A Tale of Two (capital) Cities

February 10, 2013 - Siem Reap, Cambodia

The Gentleman: So it turns out that the sign "free wi-fi here" at hotels and hostels in Vietnam and Cambodia does not necessarily mean "free working wi-fi here". We've only had intermittent and unreliable Internet for about a week since our last post. Apologies for the delay, I'm sure you've all been on the edge of your seat...

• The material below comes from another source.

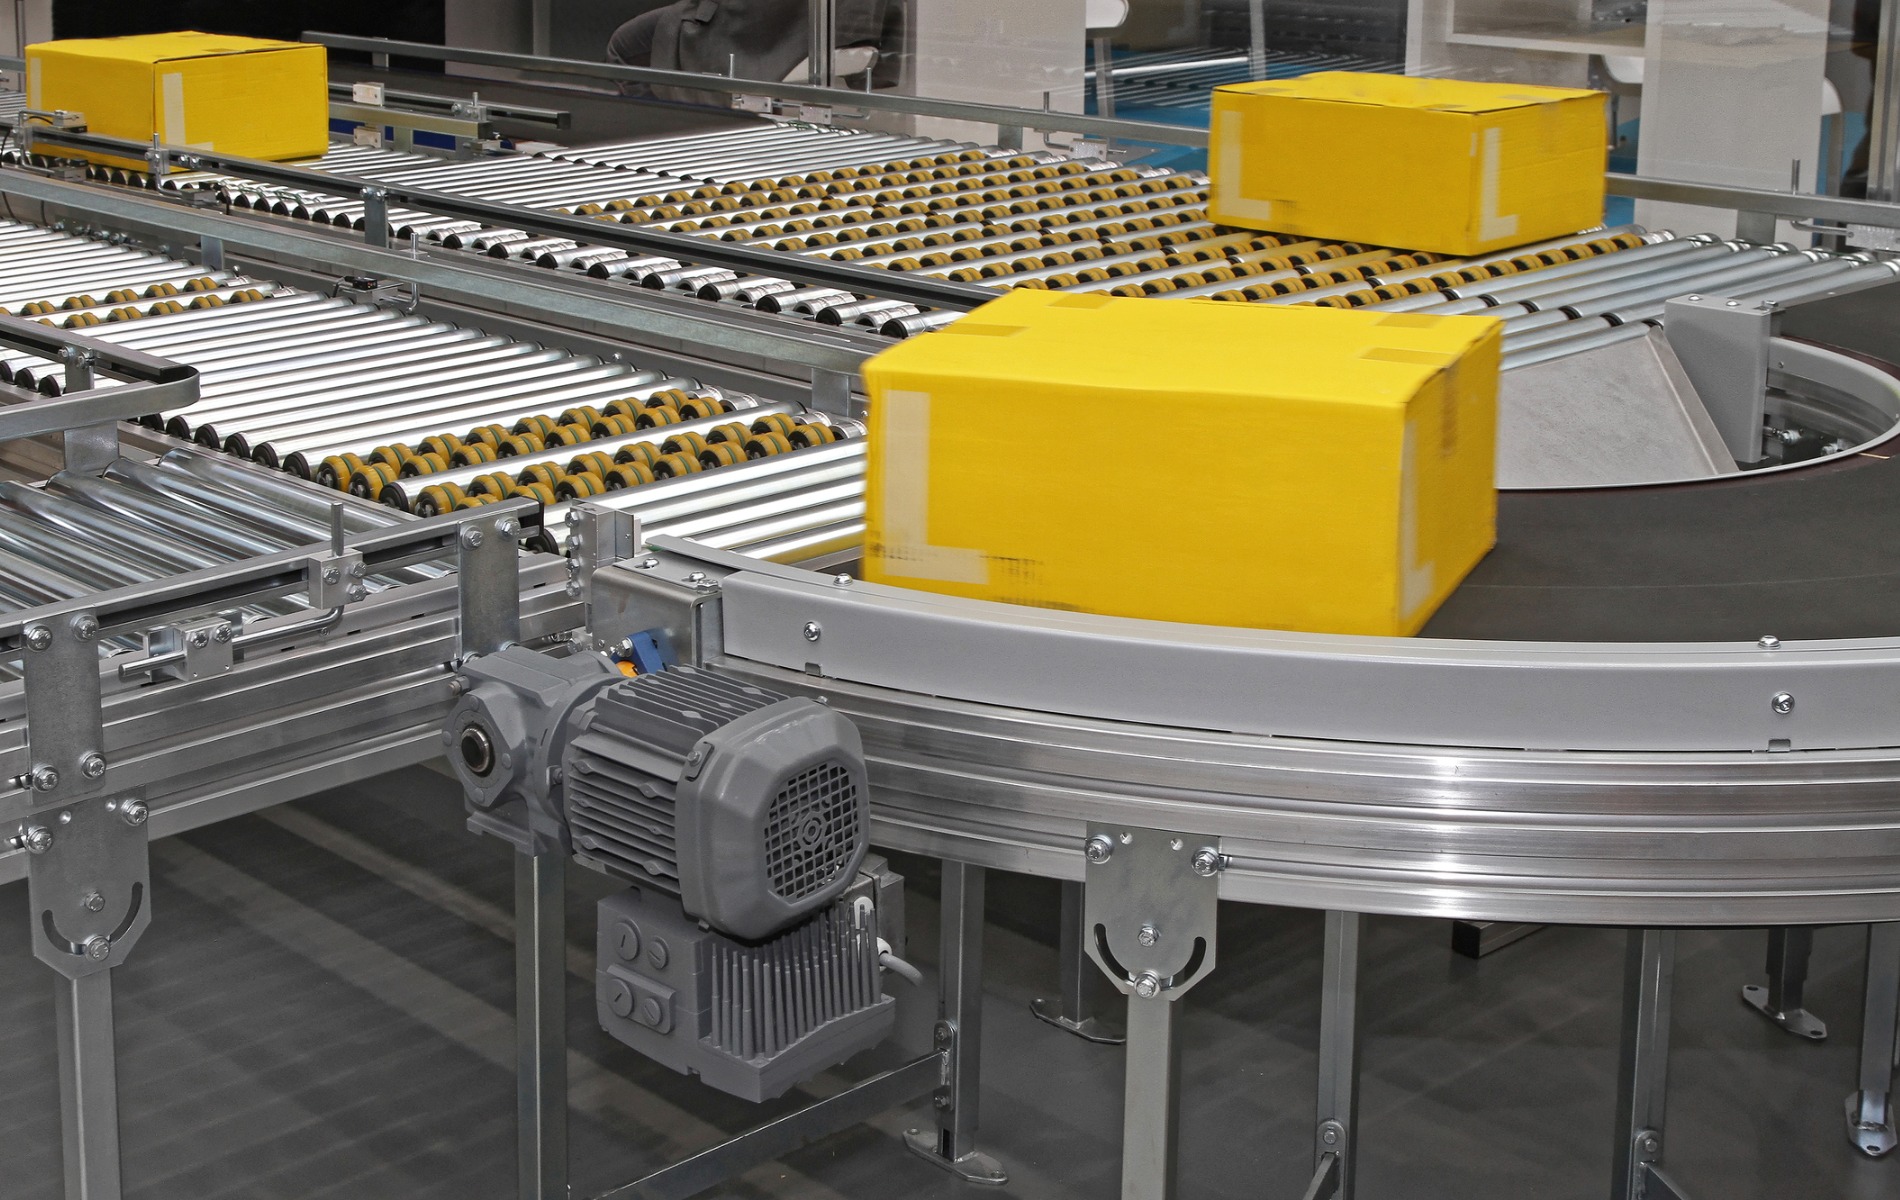 7 Key Factors in Selecting the Right Conveyor

Since we left you last time we have spent 3 nights in Ho Chi Minh City (Saigon to everyone except city officials), the capital city of Vietnam. Once again, as with our arrival at the airport in Hanoi, the 'capital of the North', we didn't get off to the best of starts. As I mentioned in my last post we were taking the overnight sleeping bus to Saigon which means that we arrived very early in the morning, which in turn meant that we couldn't check into our hotel for about 6 hrs. Unfortunately this time we didn't have a beach to go sit on or a sunrise to watch so we grabbed our bags and headed to the little park type area right across from the main backpacker street.

As I was sitting on my bench, reading my book, enjoying the shade and thinking how nice it was to find this quiet little green area in the middle of a hectic, bustling capital city, I happened to look up and notice a woman walking in front of me who glanced behind me and then at my bag sitting on the bench next to me. This in turn made me turn to look at my bag at which point I felt someone behind me. I quickly whipped my head round and there was a young guy about two steps behind me on the grass, creeping up with eyes only on my bag. He froze in mid-stride, straightened up, broke into a very nervous smile then walked past my bench onto the path, turned back on himself, and headed back over to a group of 6 or 7 guys who were sitting about 20 yards away on the path across the grass and who were now staring at us.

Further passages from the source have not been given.